Güzin Abla

ŞU Ayşe var ya, Ayşe Arman...

Bazen kafasını ısırasım geliyor.

Aslında aklını ısıracağım ama akıl dediğimiz ele, dişe gelir bir şey olmadığından kafasıyla idare edeceğim ki aklın onun içinde olduğu varsayıldığı için arzulanan hedefe en yakın yer orasıdır.

Neden öpmüyor da ısırıyorum?

Isırmak, öpmenin bir ilerki aşamasıdır. Sevdiklerimi ısırırım ben. Annemi, kedileri, bebekleri...

Çocukluğumda oyunun orta yerinde arkadaşlarımın yanaklarını ısırırdım. Ağlaya ağlaya şikáyete giderlerdi. ‘‘N'apiim çok tatlı’’ derdim.

Ayşe'yi ısırma nedenime gelince...

Çoğu meslektaşı o günlerde herhangi bir nedenle gündeme gelmiş kim varsa gider onunla röportaj yaparlar; bir bakarsınız aynı gün üç ayrı gazetede aynı kişiye sorulmuş birbirine benzer sorular ve tabii ki benzer cevaplar. Ayşe'yse kimsenin aklına gelmeyen, kıyıda köşede kalmış ama aslında çok önemli birini bulur çıkarır, gündemi oluşturur.

En son, yıllardır gözümüzün önünde duran, bakıp da görmediğimiz Güzin Abla'yı aldı getirdi önümüze.

İyi ki de getirdi.

Çaldığı kapının arkasından çıkan hikáye çok etkiledi beni.

Biri ötekinin kaderinin izinde, ana-kız iki kadının hikáyesi..

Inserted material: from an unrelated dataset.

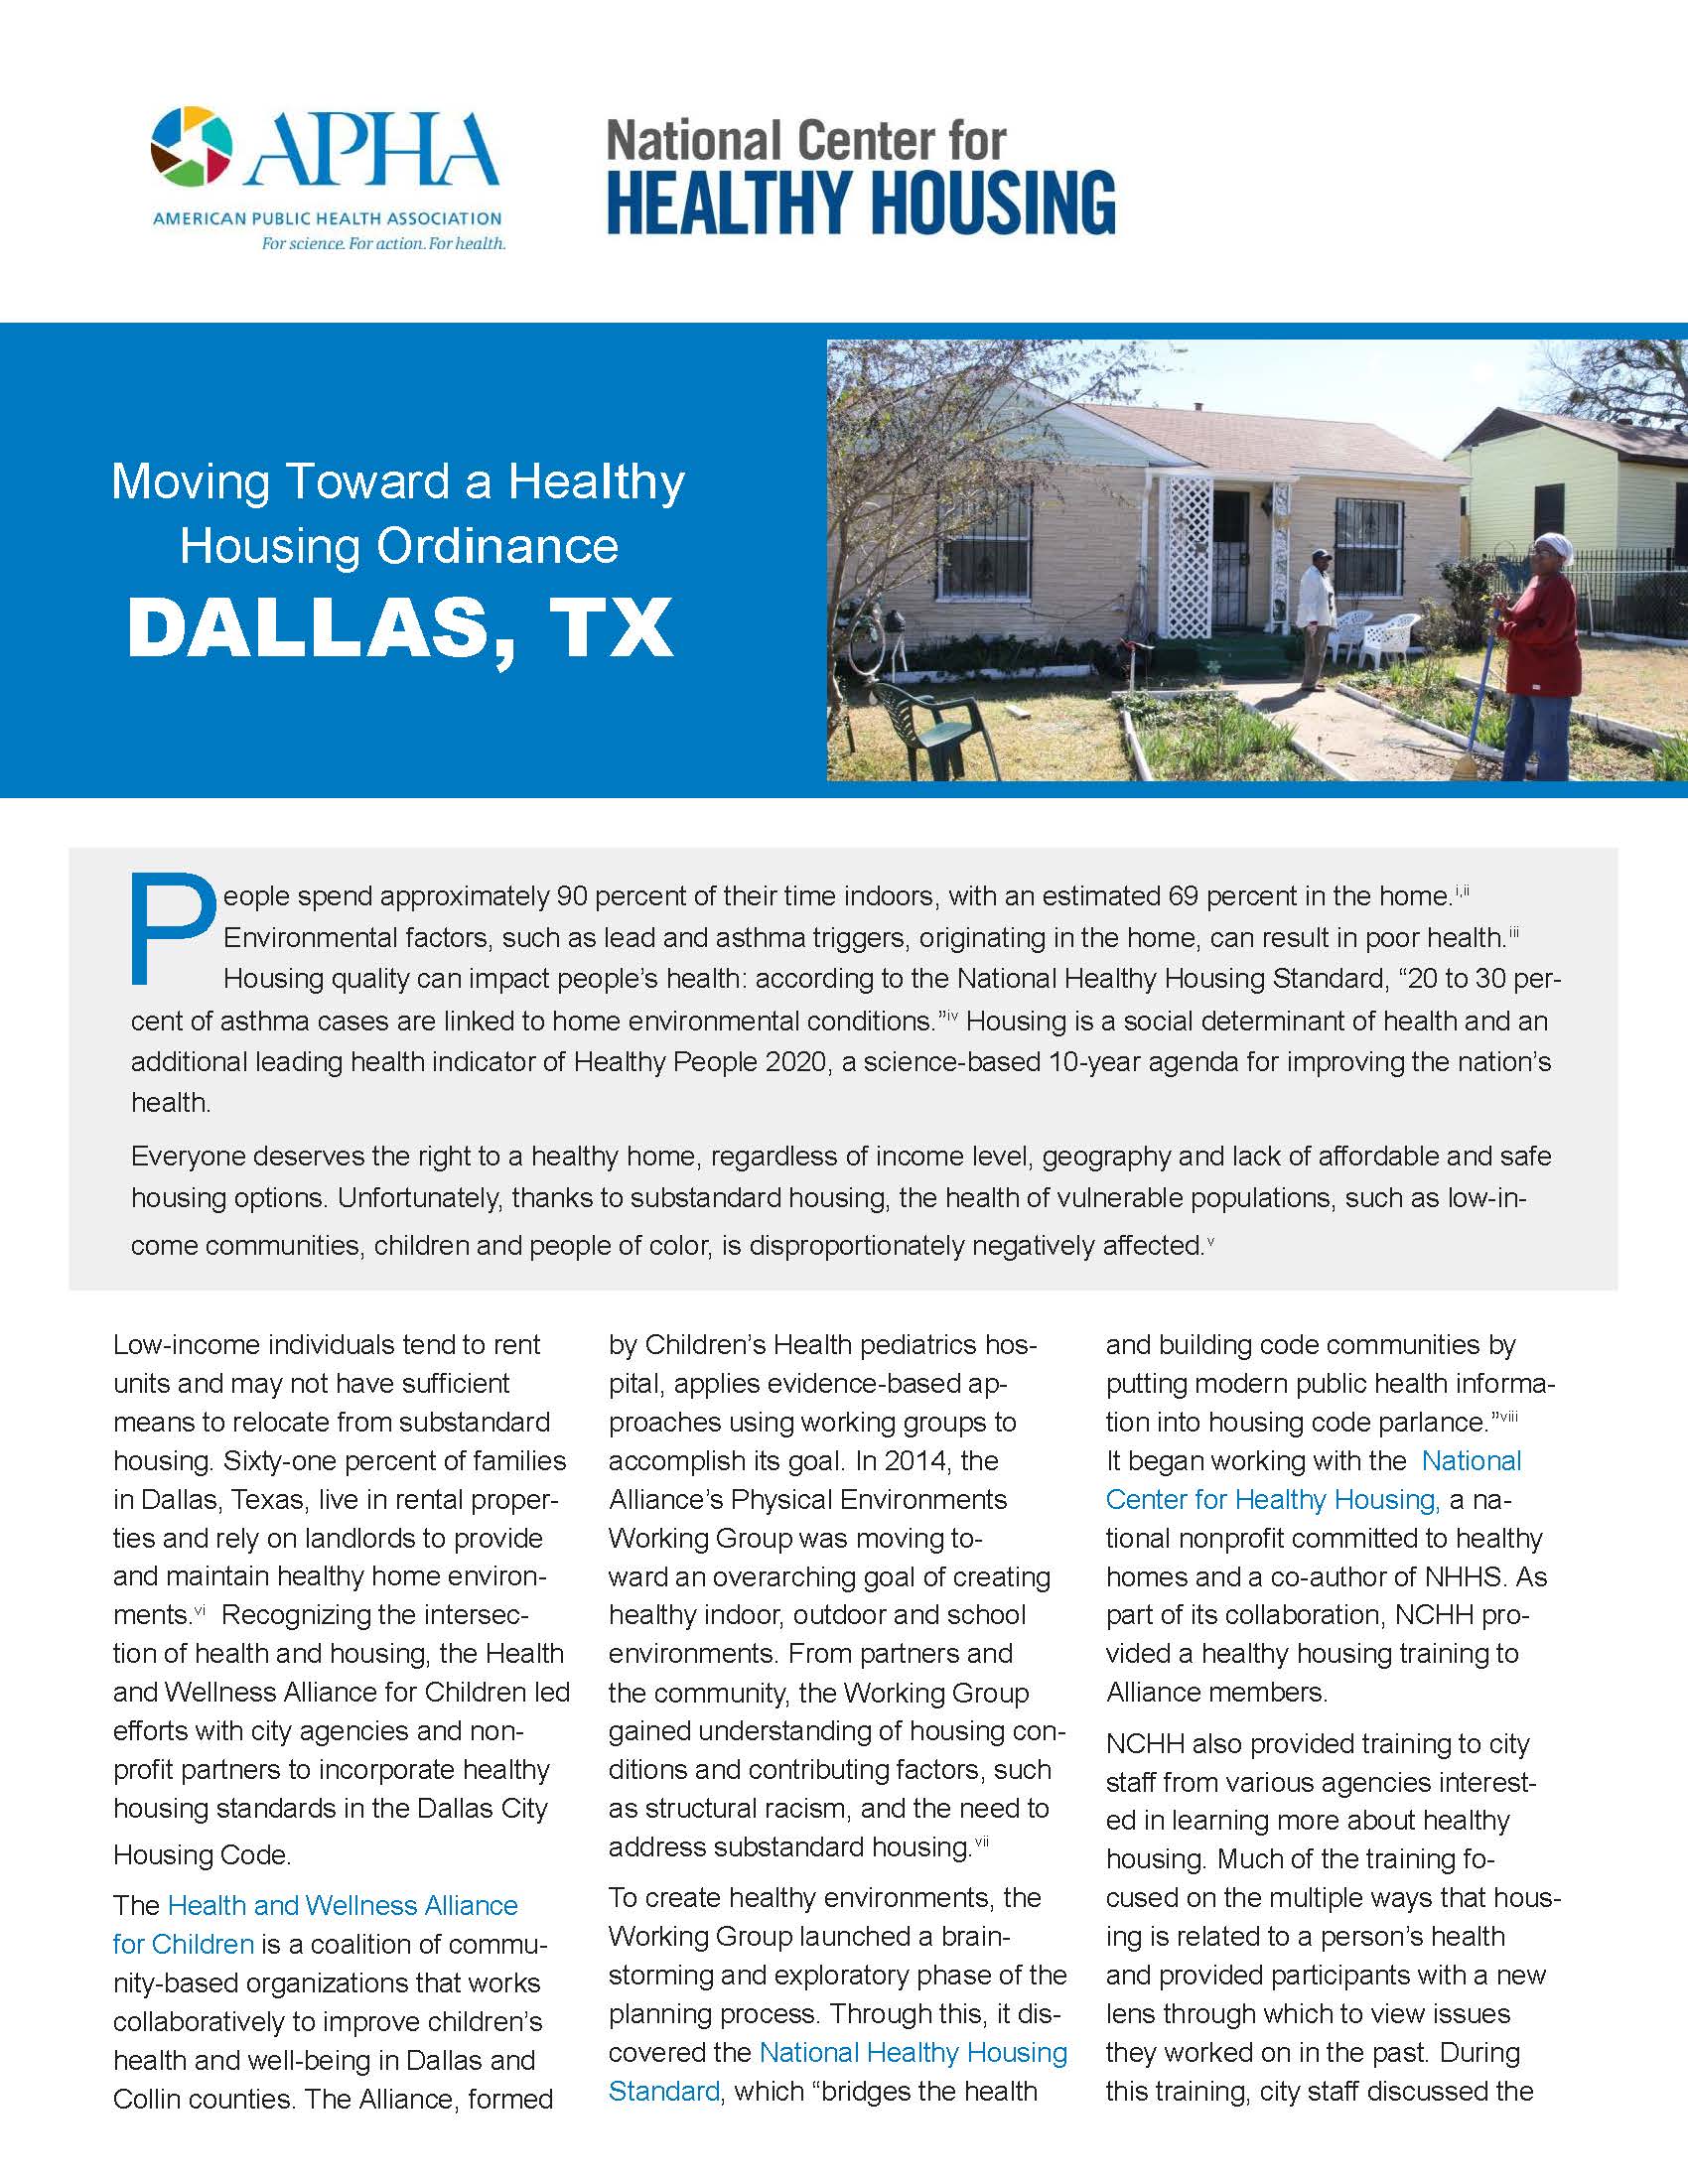 Moving Toward a Healthy Housing Ordinance: Dallas, TX

O cevapların arkasındaki hayali kadın, ‘‘Güzin Abla'lık’’ sorunlarla geçen hayatıyla gerçek oluverdi.

Yıkılmak üzere olan yuvaları tavsiyeleriyle kurtarmaya çalışırken, zamanında kendi yuvasını kurtaramamışmış meğer.

Başkalarınınkine çare ararken kendi paranoyaları varmış meğer.

Gençleri yumuşacık üslubuyla rahatlatırken kendi kızı için çetin cevizmiş meğer.

Ve dört senedir mektupları o cevaplamıyormuş meğer. Kızı Feyza'ya devretmiş.

Ben de diyordum ki, ‘‘Güzin Abla da zamana uydu. Artık 'Bu zamanda bu akıl verilir mi?' dedirtmiyor pek’’.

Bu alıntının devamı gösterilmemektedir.